93-year-old Wendy’s employee going strong

Joel Presson loves the restaurant industry so much, he still works in it at age 93, performing various jobs at the Oxford Wendy’s, where he has been employed since 1989. He worked there when it was Uptown, then continued after it moved to College Corner Pike.

He got the job simply by going in all those years ago and asking if they had an opening.

“I’d been in the food business all my life. They wanted me to go into management, and I said no. I didn’t want to do that, because I’d had 60 years of it, and that was enough,” Presson said. “The biggest reason was, I don’t like to be lonesome … I love people. When you lived on a farm during the Depression years, and you didn’t have anybody visiting you except a mule, you swore then, you were going to find a place where you could be around people.”

Presson hails from North Carolina, and his life has taken him from there to the Air Force, where he was a flight instructor in the 1940s, to Florida to Cincinnati, then eventually to Oxford, where his daughter had attended Miami University. Presson moved to Oxford for good in 1988. In the intervening years, he had worked at a number of jobs in the restaurant industry.

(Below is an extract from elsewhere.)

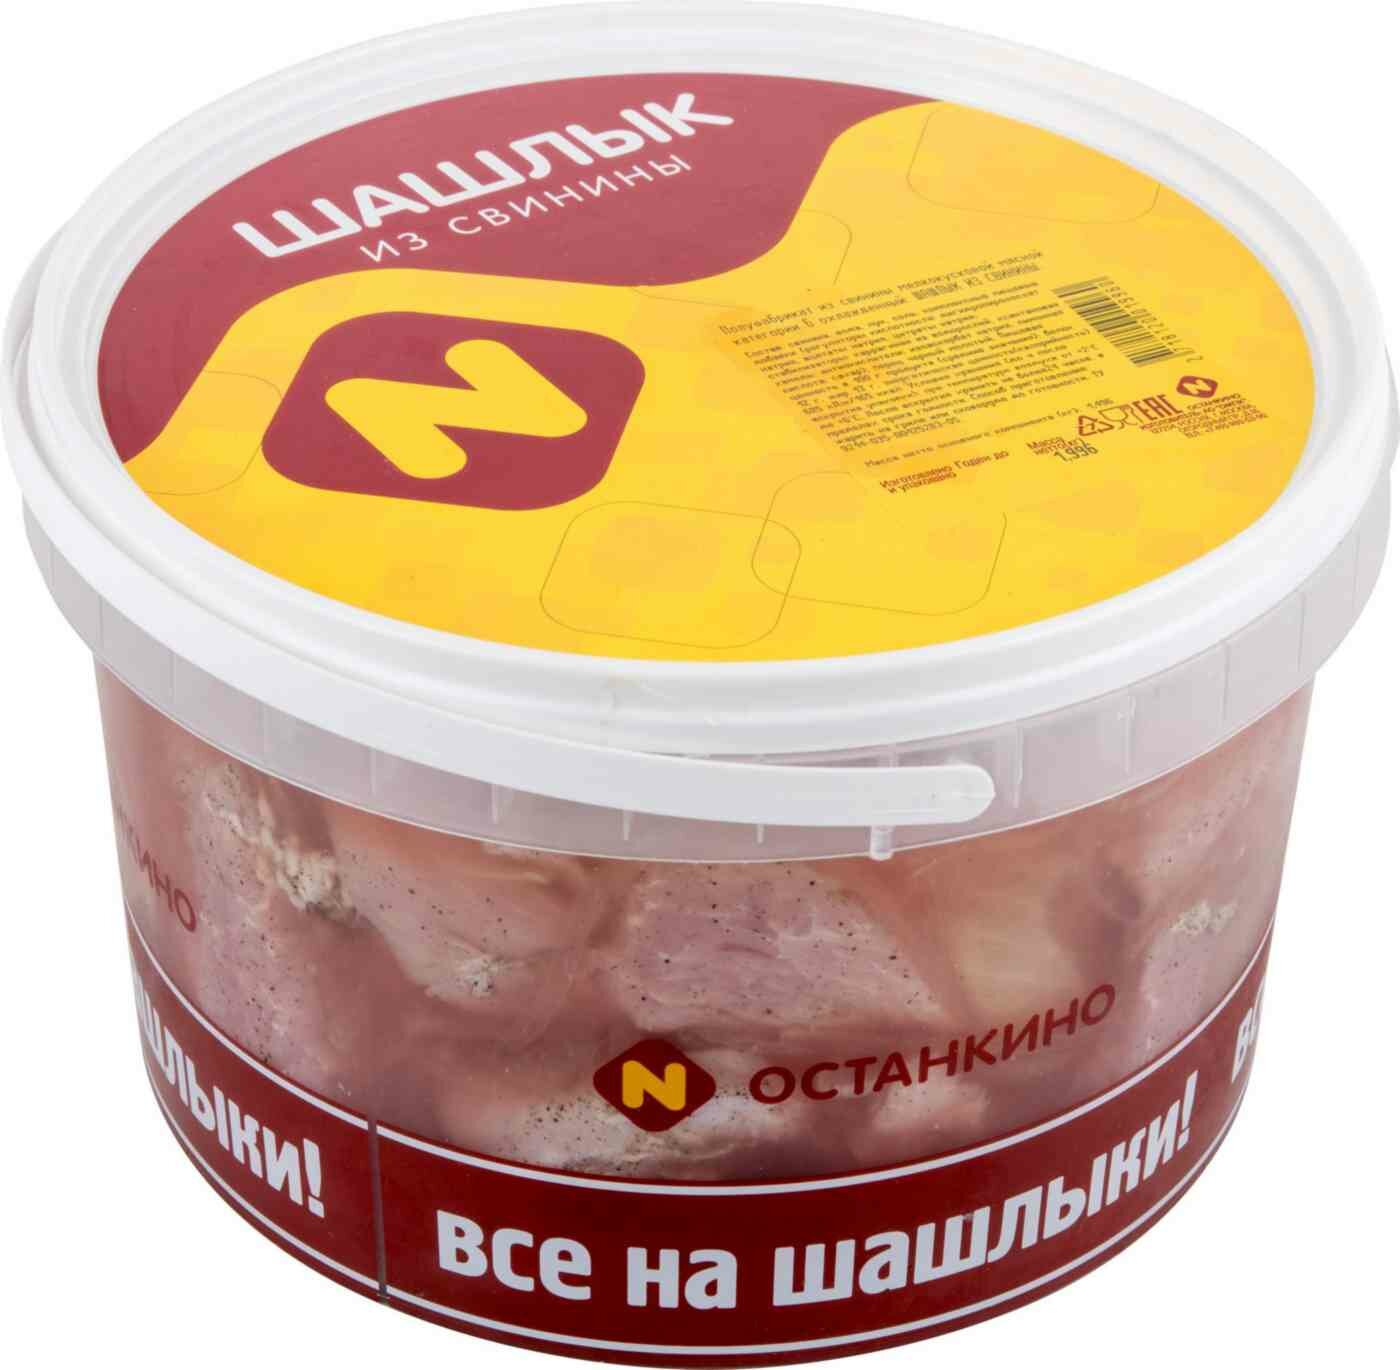 Шашлык из свинины охлаждённый Останкино, 2 кг

Presson, who does everything from filling orders to carrying out trash, has become such a fixture at the restaurant that some customers come in just to see him, said Chris Rodbro, one of the owners of the Oxford Wendy’s.

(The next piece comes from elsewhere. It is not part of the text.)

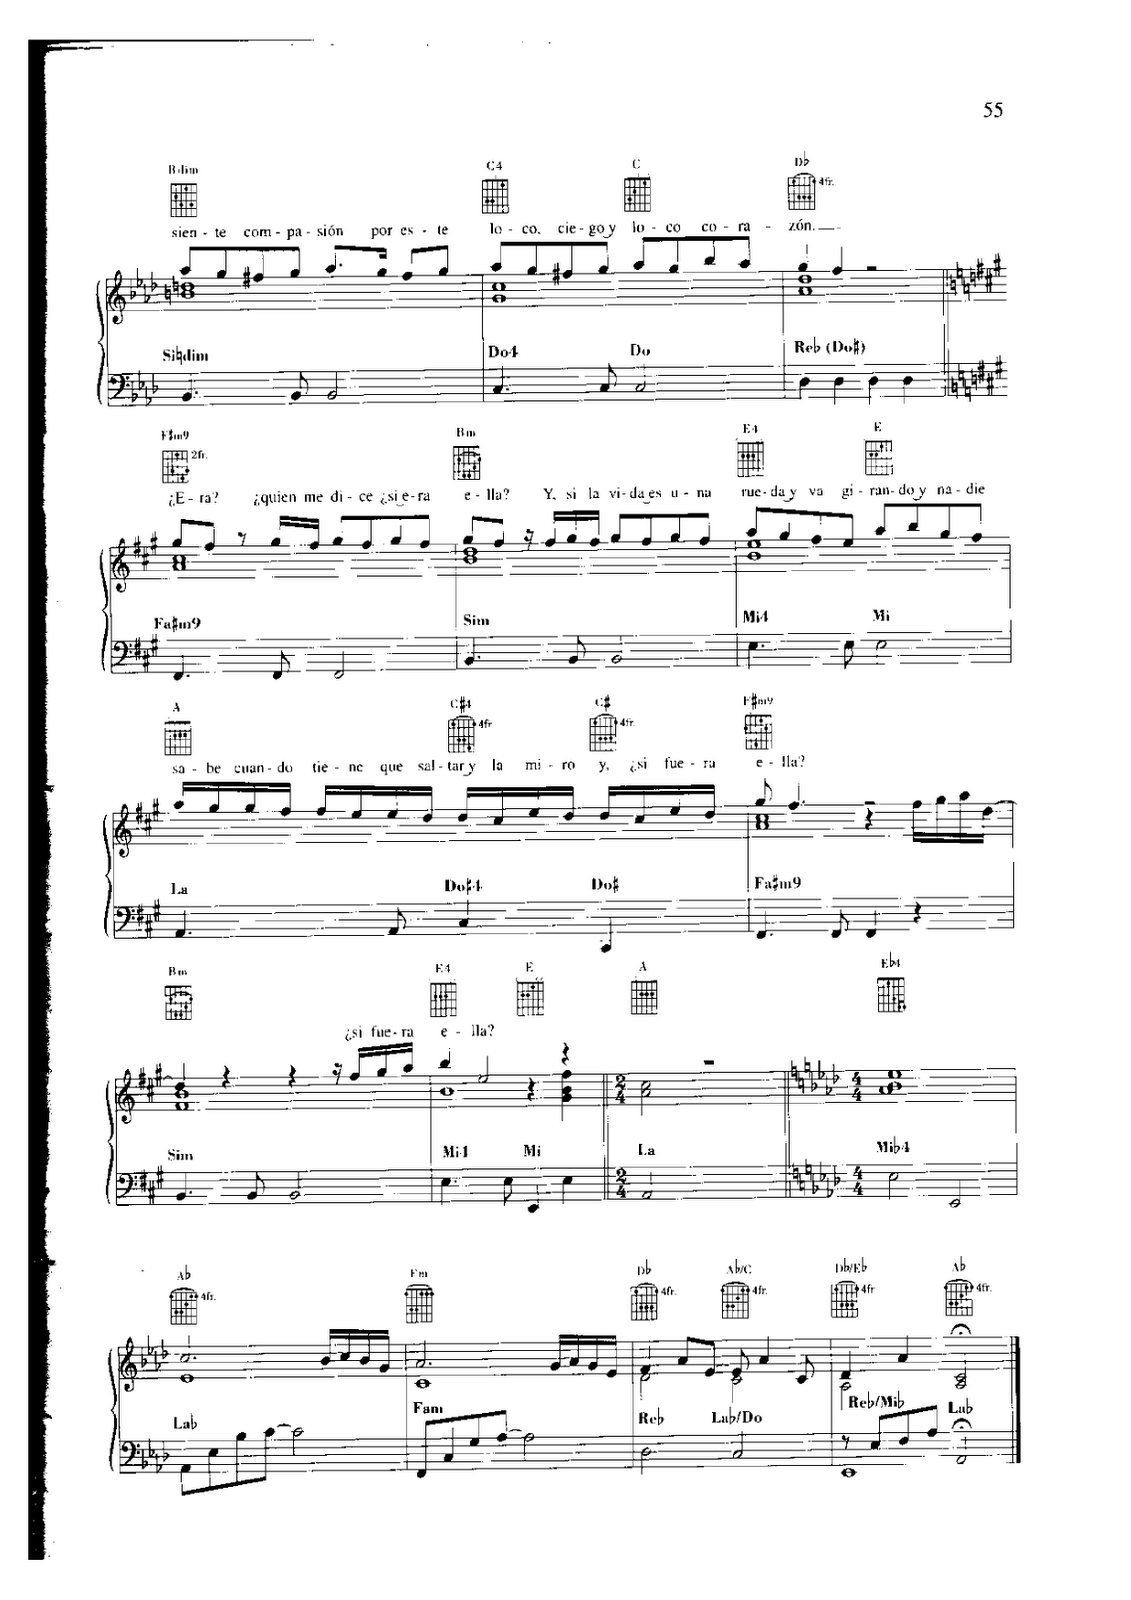 quiero Crudo Defectuoso Partitura de Alejandro Sanz - Y Si Fuera Ella para Piano - Partituras de  piano | Sheet music for piano

Darlene Allen, who is a regular at that Wendy’s, affirmed that, saying, “The people enjoy talking to him. To be 93, he’s got a better mind than I do.”

Presson has such a strong work ethic that he was eager to return to Wendy’s while it moved from Uptown to College Corner Pike, after the original location caught fire in 2005.

“When we were rebuilding, I would see Joel walking all over the place. I would say, ‘Joel, what are you doing? And he said, ‘I can’t stand it. I don’t have anything to do. All I do is walk. You’ve got to get that place open.’ He’s a hard worker, oh my gosh … he carries big buckets of ice, he takes the garbage out, he gets all the refills, he cleans the tables, he mops the floors, he prepares salads, he does a little bit of everything,” Rodbro said.

Bob Bertini, a spokesman for Wendy’s corporate office in Dublin, Ohio, couldn’t verify whether Presson was the company’s oldest employee but said his tenure was “certainly quite a remarkable accomplishment. It says quite a lot, and we’re proud to have him as part of the Wendy’s family.”